These credentials must be entered into the relevant fields in an FTP client to connect to the site, as shown in this Filezilla example.
Connection fields from Filezilla

Quick Connect Link

Click the Connection Info icon next to any SFTP/SSH user to reveal a quick link created for that user.

sftp ssh connection info button

The quick link, when copied into an FTP client or terminal application, identifies the site and the user to be connected.

hosting-sftp-ssh-connection-info

The site’s port and SFTP/SSH user password are still required when using the quick link.

In our managed WordPress hosting, it is not possible to directly access the database except by using the Manage Database options in your Hub.

However, advanced users may have the need to access their database from some other client application. This is where SSH tunneling comes in handy.

SSH tunneling enables you to remotely connect to your site’s database and securely perform any needed tasks from within your preferred application.

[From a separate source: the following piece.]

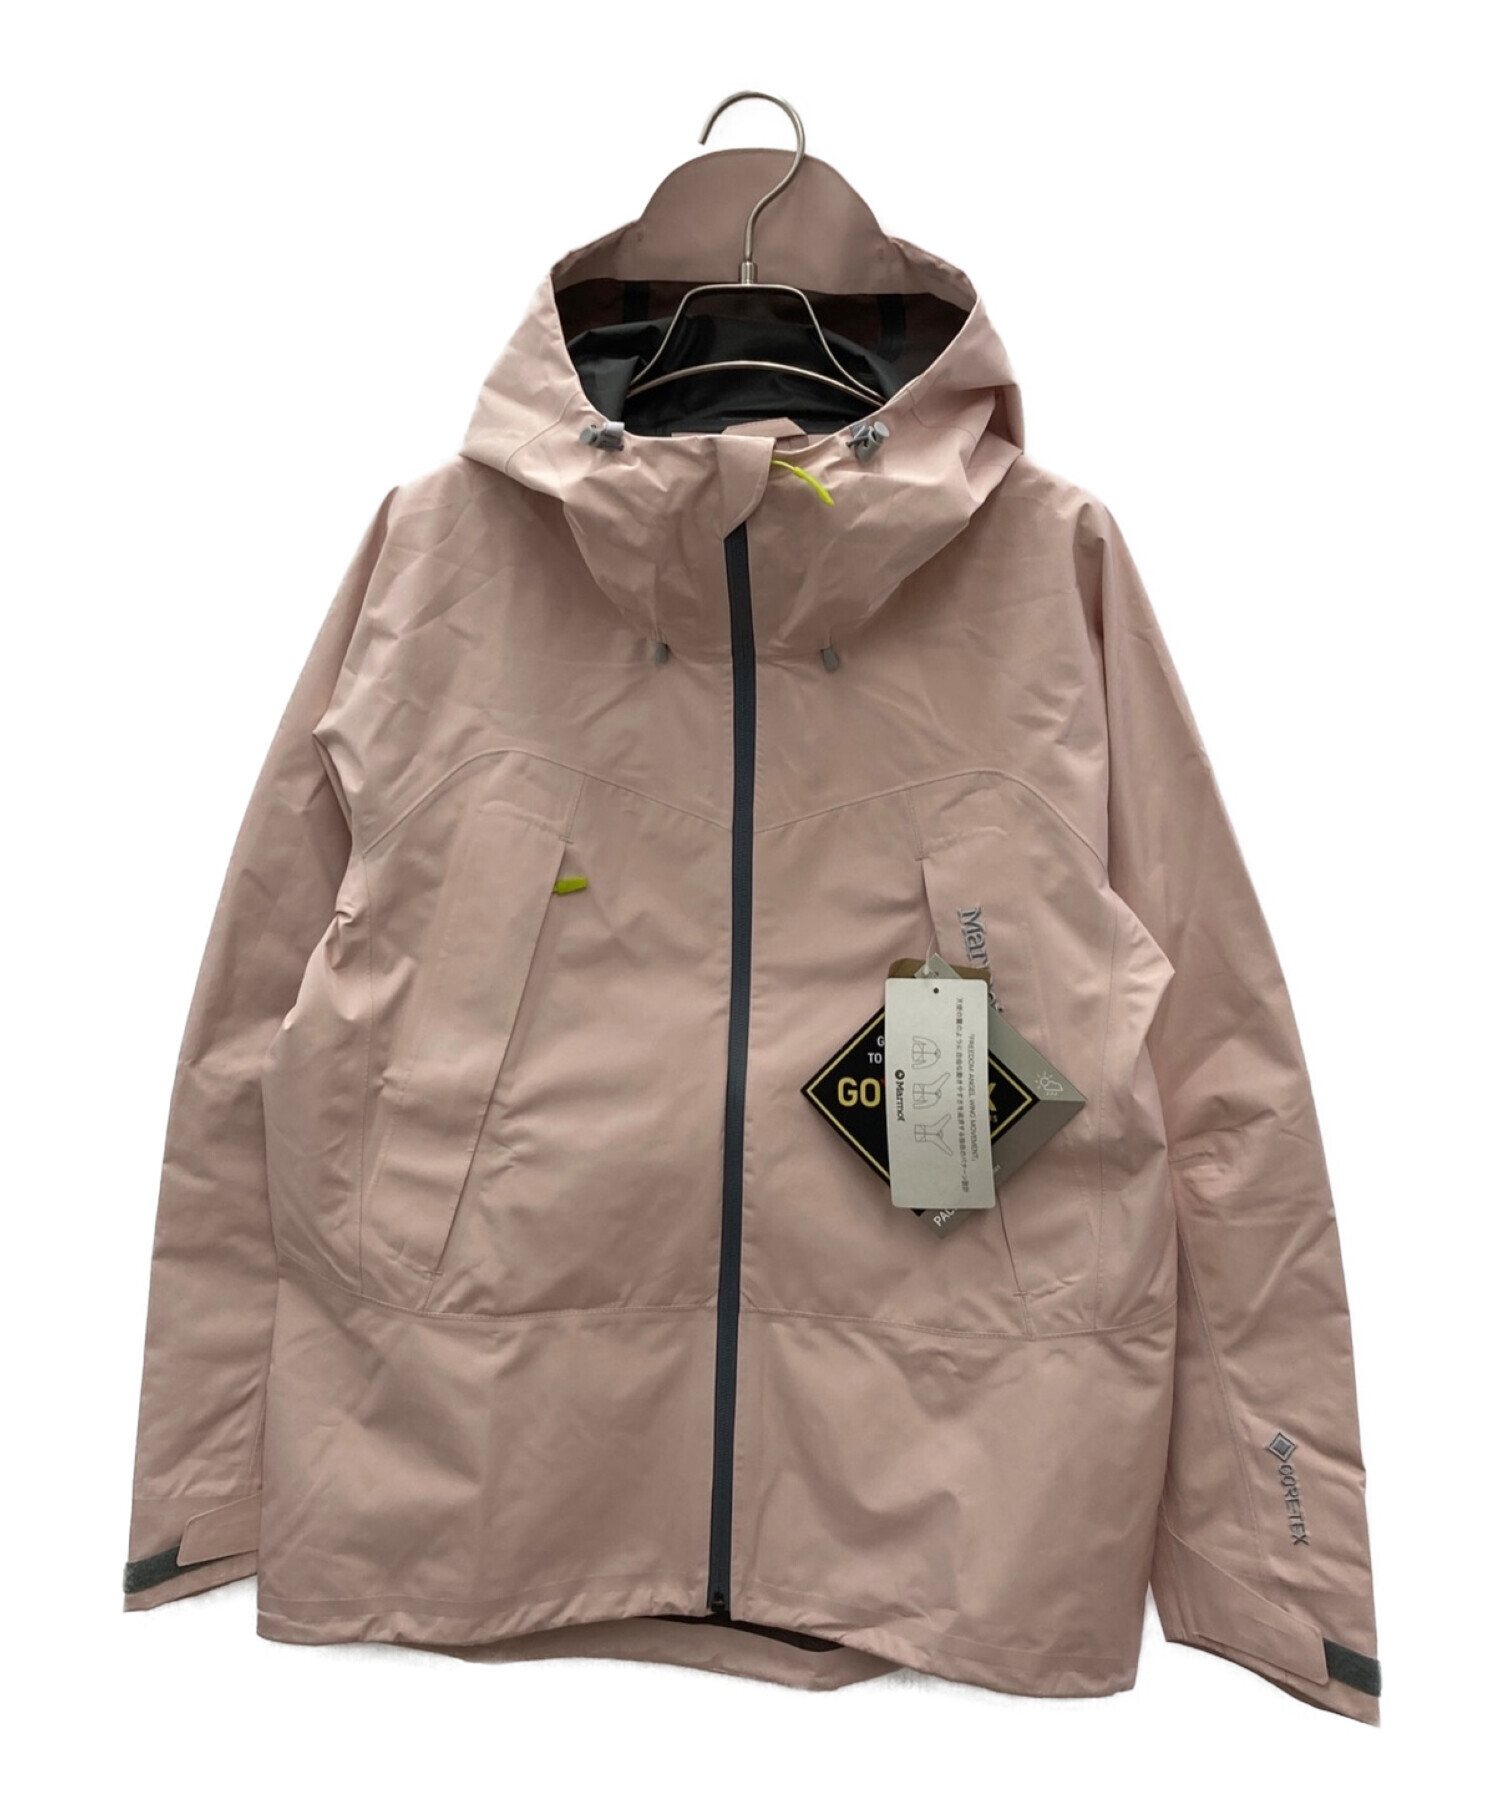 Marmot (マーモット) クラウドブレーカージャケット ピンク サイズ:M 未使用品

Regardless of the application you use for an SSH tunnel, all you need is an SSH account and the access credentials to your database.

Step 1

Create an SSH user for the environment you need – production or staging – as detailed in Creating SFTP/SSH Users above. Then copy the following credentials as seen in Connection Info above:

  • Connection Address (used for the hostname in most applications)
  • Port (should always be 22)
  • Username
  • Password

Step 2

Access the wp-config.php file for the corresponding environment, and copy the following credentials (depending on the application you’re using, you may or may not need all of these; see the examples below):

  • DB_HOST
  • DB_USER
  • DB_PASSWORD

Note that the DB_HOST includes both the localhost IP address (127.0.0.1) and the port needed to connect to your database. You’ll want to be sure to use the correct port for either your production or staging site’s database.

  • Production port: 3306
  • Staging port: 3307

You can access the wp-config.php file for your production environment using the Manage Files option found under the Tools tab in your Hub.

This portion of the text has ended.